The mean onset and duration of fecal HuNoV shedding are summarized (A, B), and the daily viral titers (mean) as monitored by qRT-PCR are shown (C). Monitoring continued until 3 to 4 weeks after infection and terminated when PCR results were negative (<4.7 log10 GE/ml) for 3 consecutive days. Data from 3 independent animal trials were combined, and the PCR test was performed in duplicate or triplicate. Additional analysis was also conducted according to the HBGA A or H1 phenotype of each animal. Each bar represents the mean ± SEM. *P<0.05; **P<0.01 for Simvastatin + HuNoV vs HuNoV alone or for A+ pigs vs H+ pigs by the unpaired two-tailed Mann-Whitney test. Animal numbers (n) are indicated at the bottom of each graph. The dotted line indicates the detection limit (4.7 log10 GE/ml) of the qRT-PCR.

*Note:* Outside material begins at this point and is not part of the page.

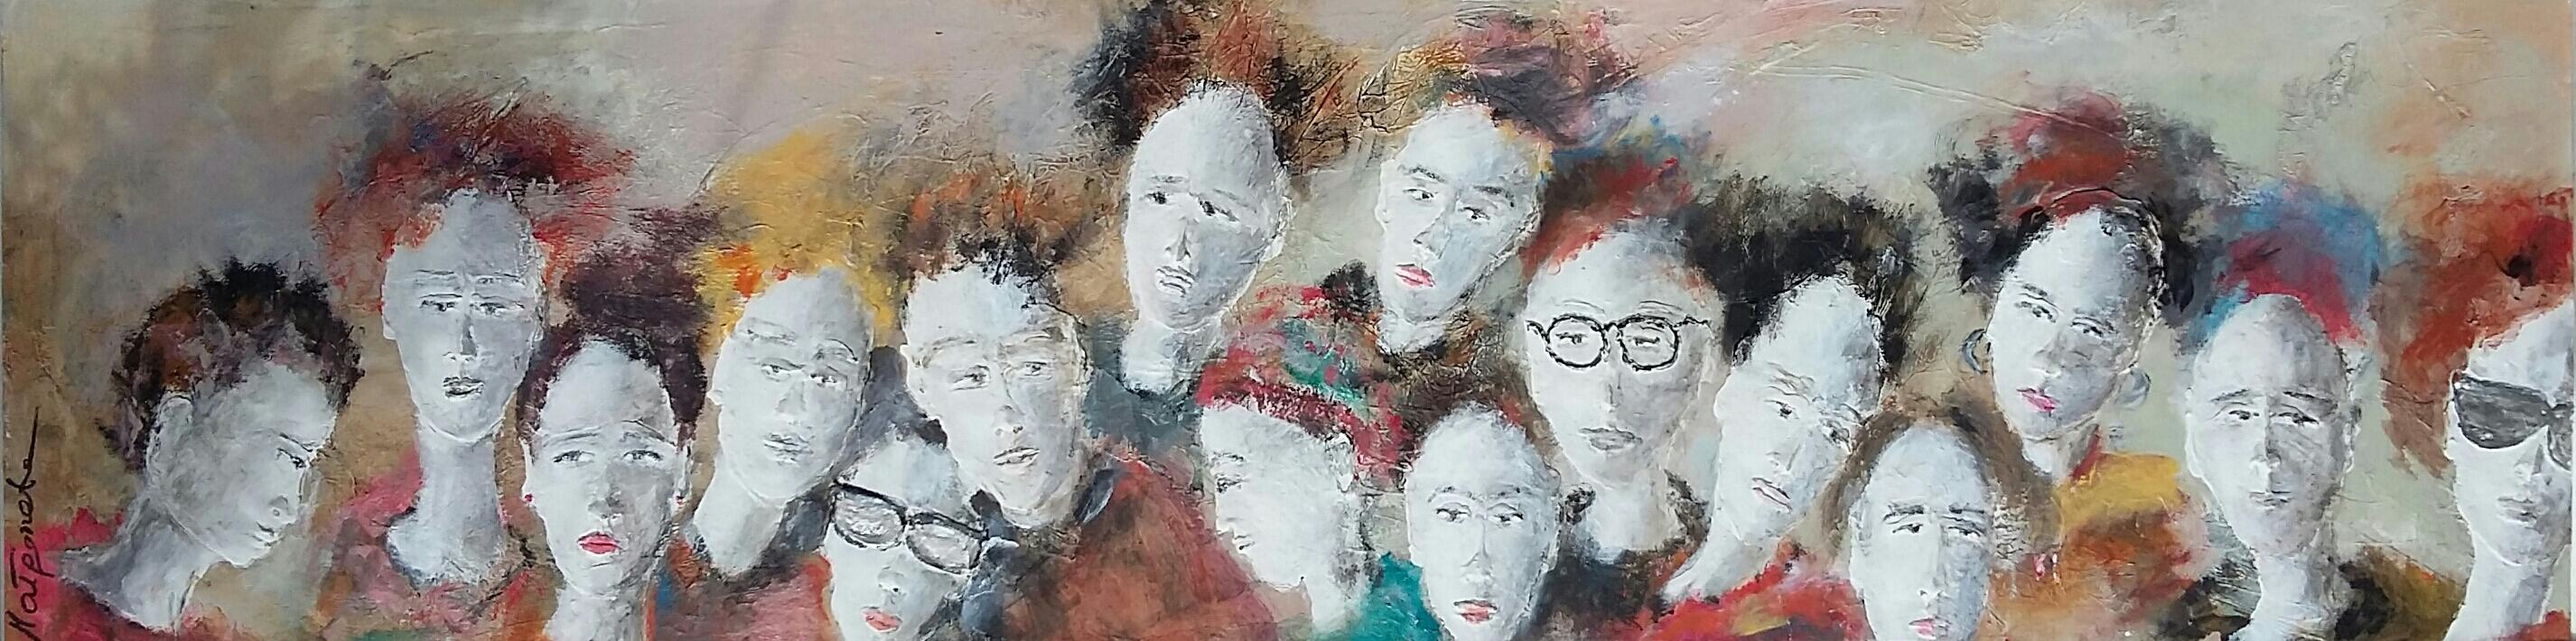 """""""crowd"""" 170x47 cm, Acryl auf Hartfaserplatte, Acrylmasse - verkauft -"""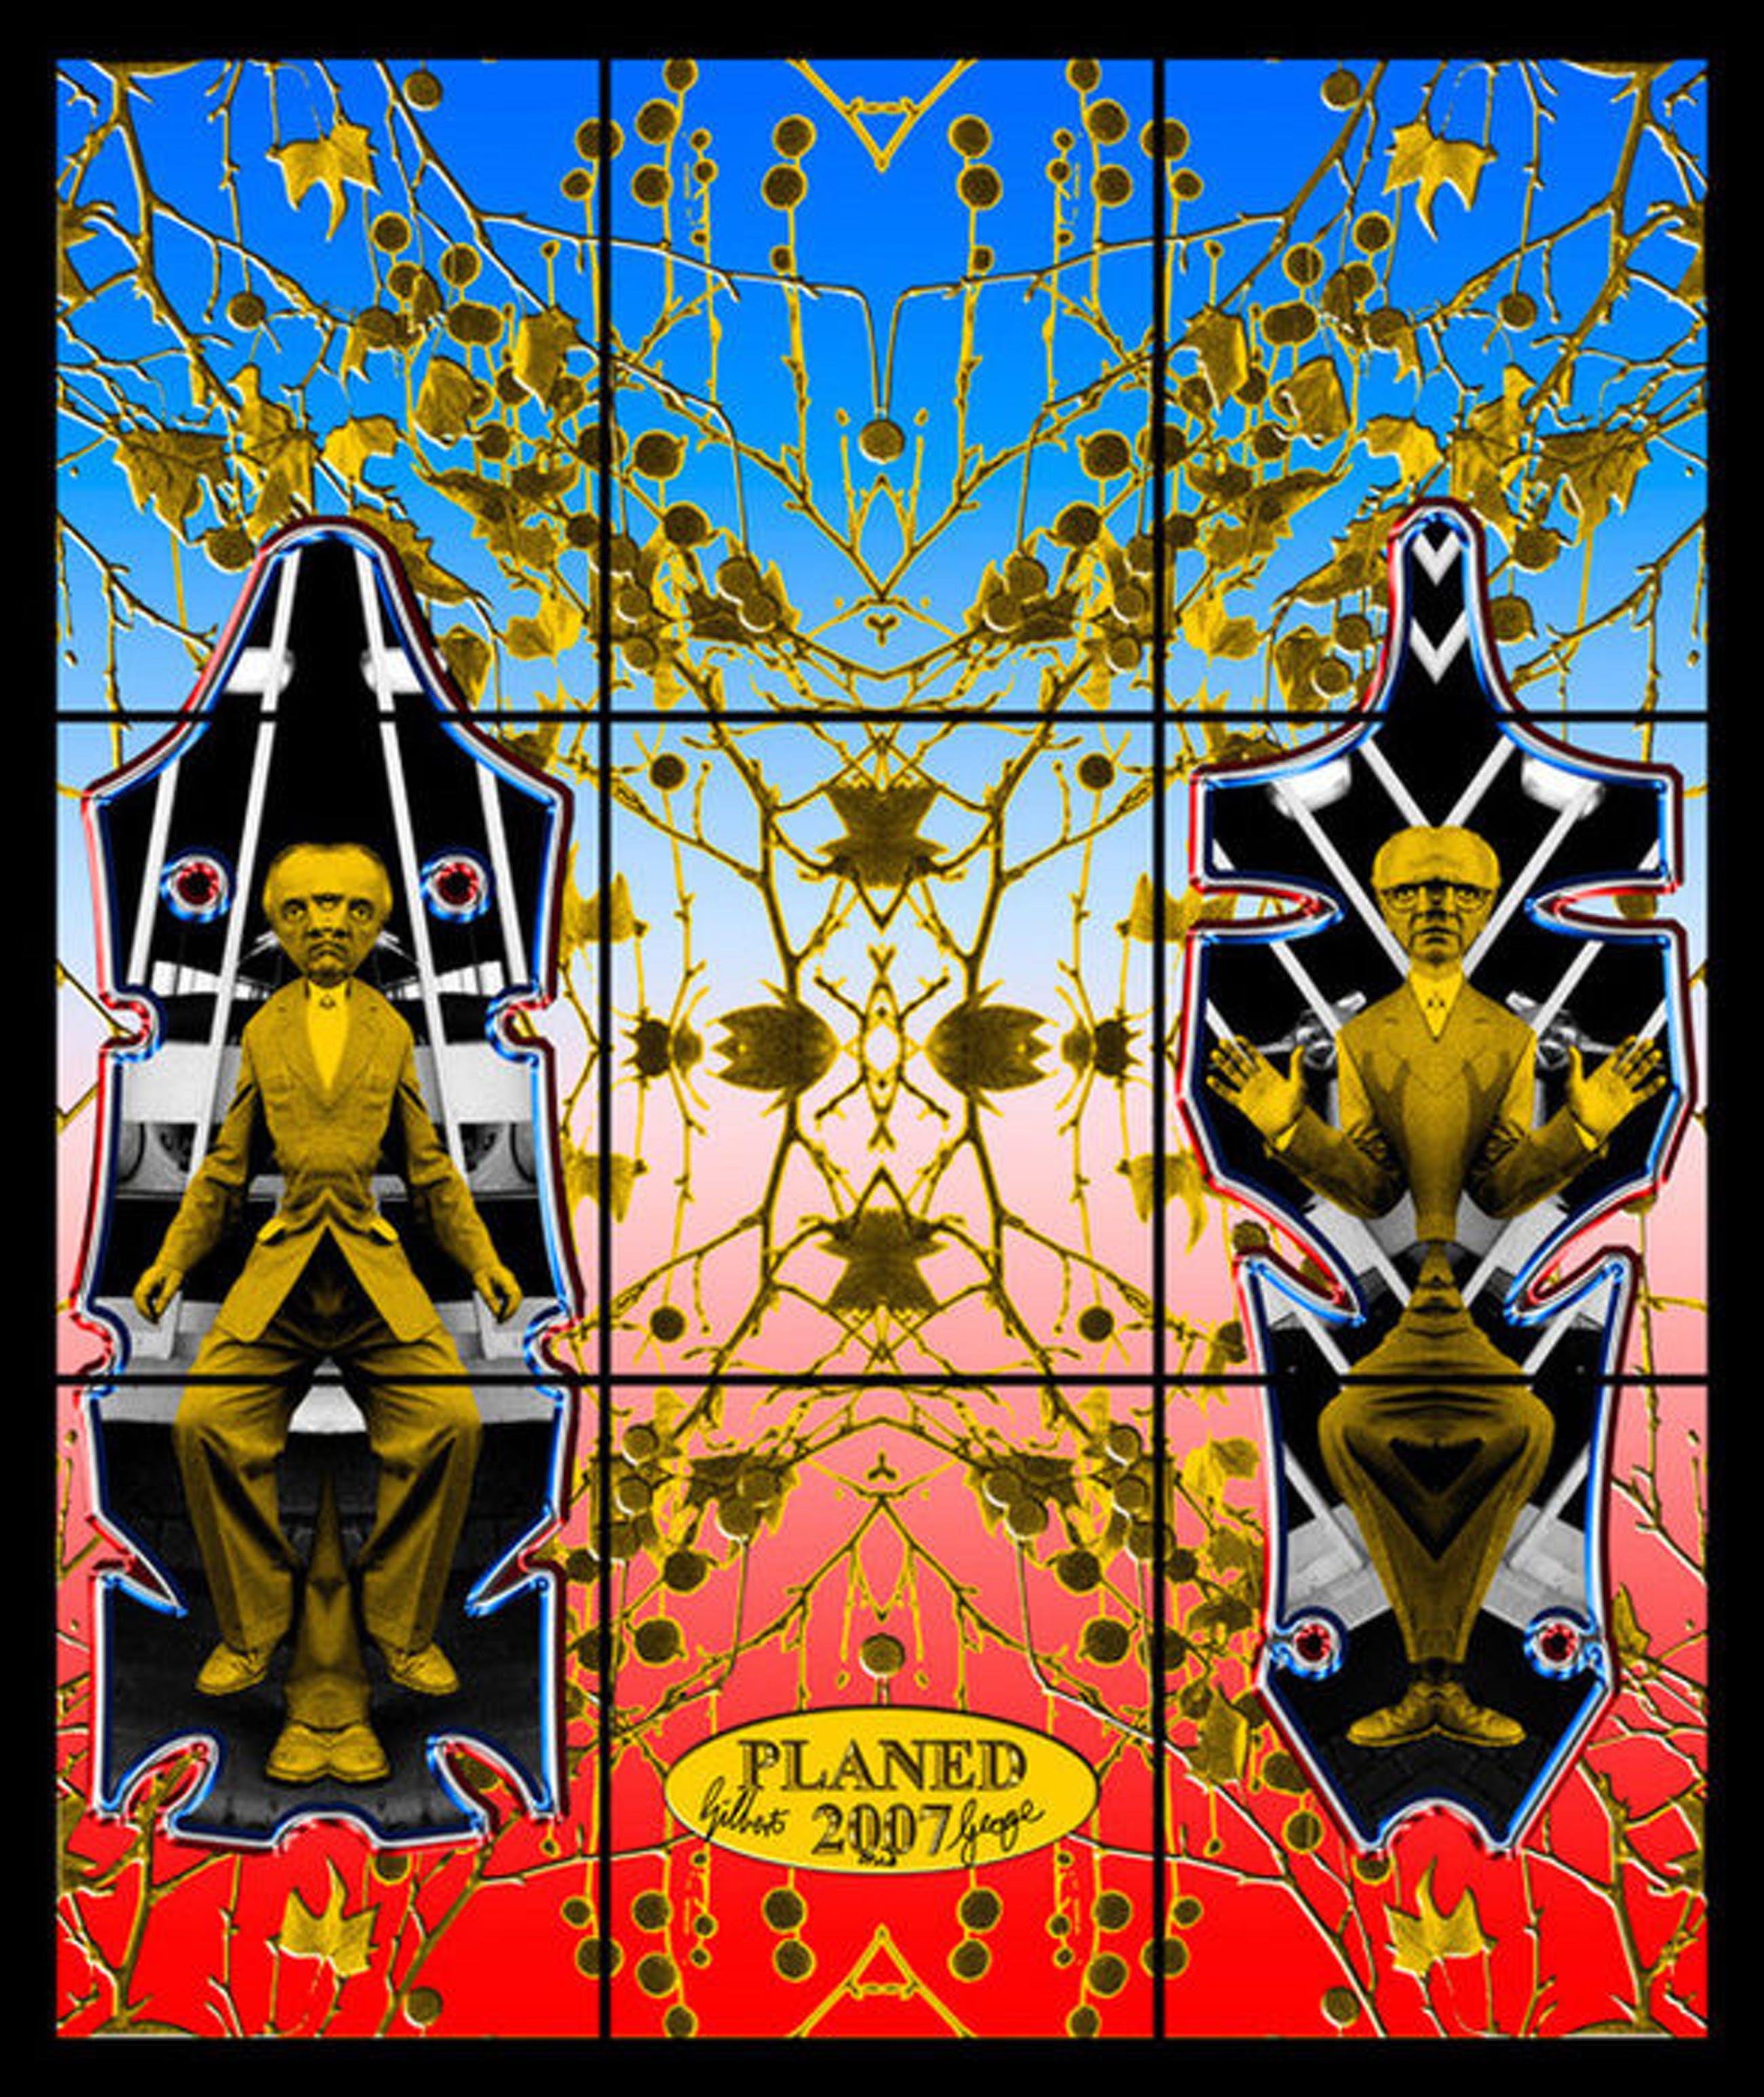 Gilbert & George - Planed kopen? Bied vanaf 1!

doi:10.1371/journal.pone.0041619.g002

Immunohistochemistry (IHC) results showed HuNoV antigens in the cytoplasm or on the surface of enterocytes, but not in lamina propria cells (Fig. 3), supporting that fecal virus shedding is a result of HuNoV replication and infection in the intestine. The IHC-positive cells were in the small intestine, but not the large intestine, in which epithelial cells also expressed similar levels of HBGA as in the small intestine (Fig. 4A). However, after HuNoV inoculation of simvastatin-treated or untreated Gn pigs, no pronounced histological changes were evident in the small and large intestines of Gn pigs or as a side-effect after oral treatment with high-doses of simvastatin in controls. Under our experimental conditions no HuNoV-infected pigs showed diarrhea, whereas mild diarrhea was noticeably observed in all of the statin-treated pigs up to 5 days after statin treatment.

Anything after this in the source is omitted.